For this study, missing values for fall 2002 variables due to item nonresponse were imputed using hot deck imputation. Hot deck imputation is a procedure where cases with missing values for specific variables have the “holes” in their records filled in with values from other similar cases. Because the imputed values come from actual respondents’ values, hot-deck imputation has the desirable property that imputed values are always realistic and preserve the underlying sampling variation in the data.

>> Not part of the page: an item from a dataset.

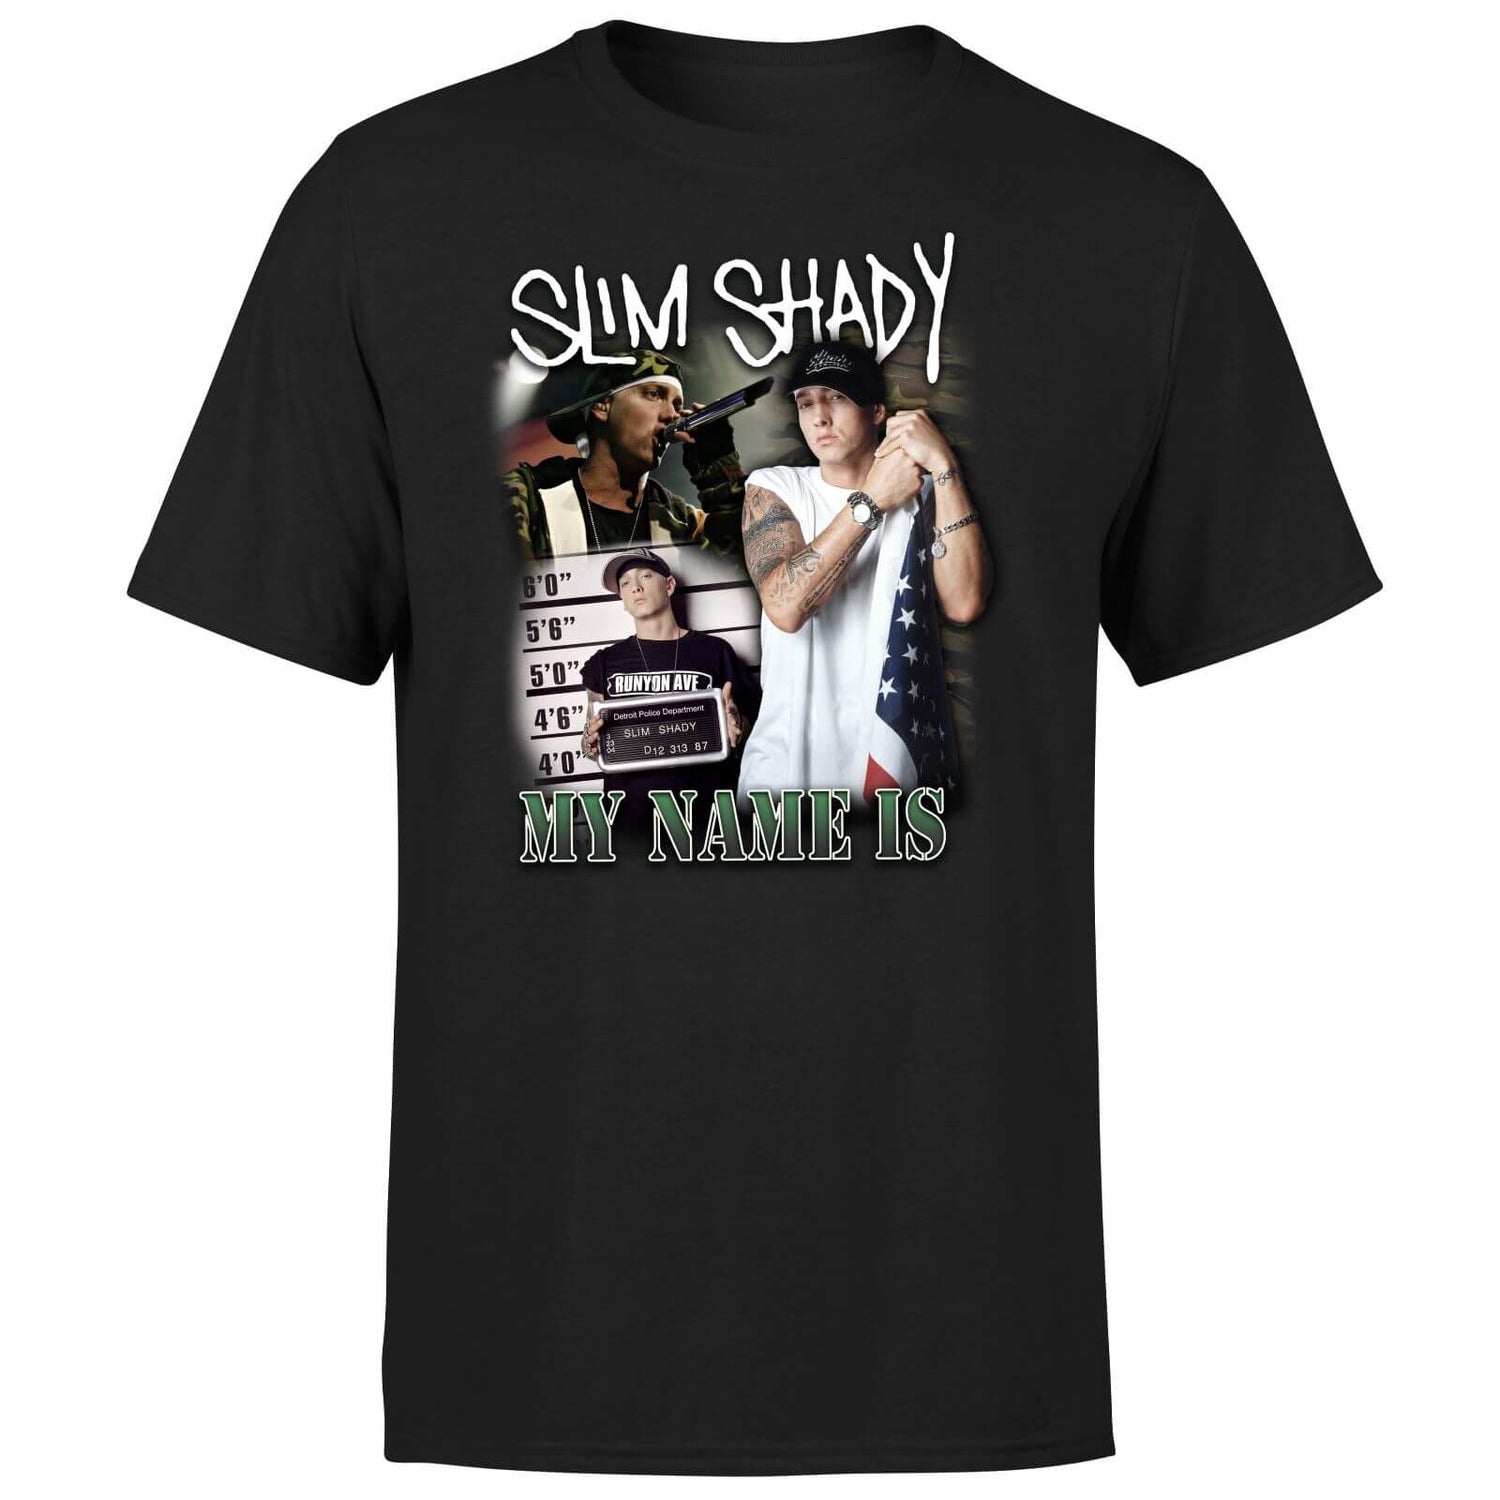 My Name Is Slim Shady Men's T-Shirt - Black Clothing - Zavvi US

The “donor” case from which the imputed value is taken (also referred to as the respondent), is randomly selected from a pool of similar children who are matched to the “recipient” (or nonrespondent) on characteristics that are correlated with the variable being imputed. The aim is to construct pools (or imputation classes) that explain as much of the variance in the variable to be imputed as possible, but are of adequate size so that there is some minimum number of respondents in each class, and donors are not reused too many times. The assumption is that within each imputation class, the mechanism that leads to missing data is “ignorable”; that is, the missing values are as though they were missing at random. This means that the probability that a value is missing can depend on the values of the imputation class variables but, within class, not on the missing outcome values. If implemented carefully, hot deck imputation can preserve the distribution of the data on measured variables so that estimates of distributional characteristics such as percentiles, variability, and correlation will not be distorted. However, if the item response rate is very high, a small percentage of imputed data will have very little effect on the distribution of the variable regardless of the imputation method.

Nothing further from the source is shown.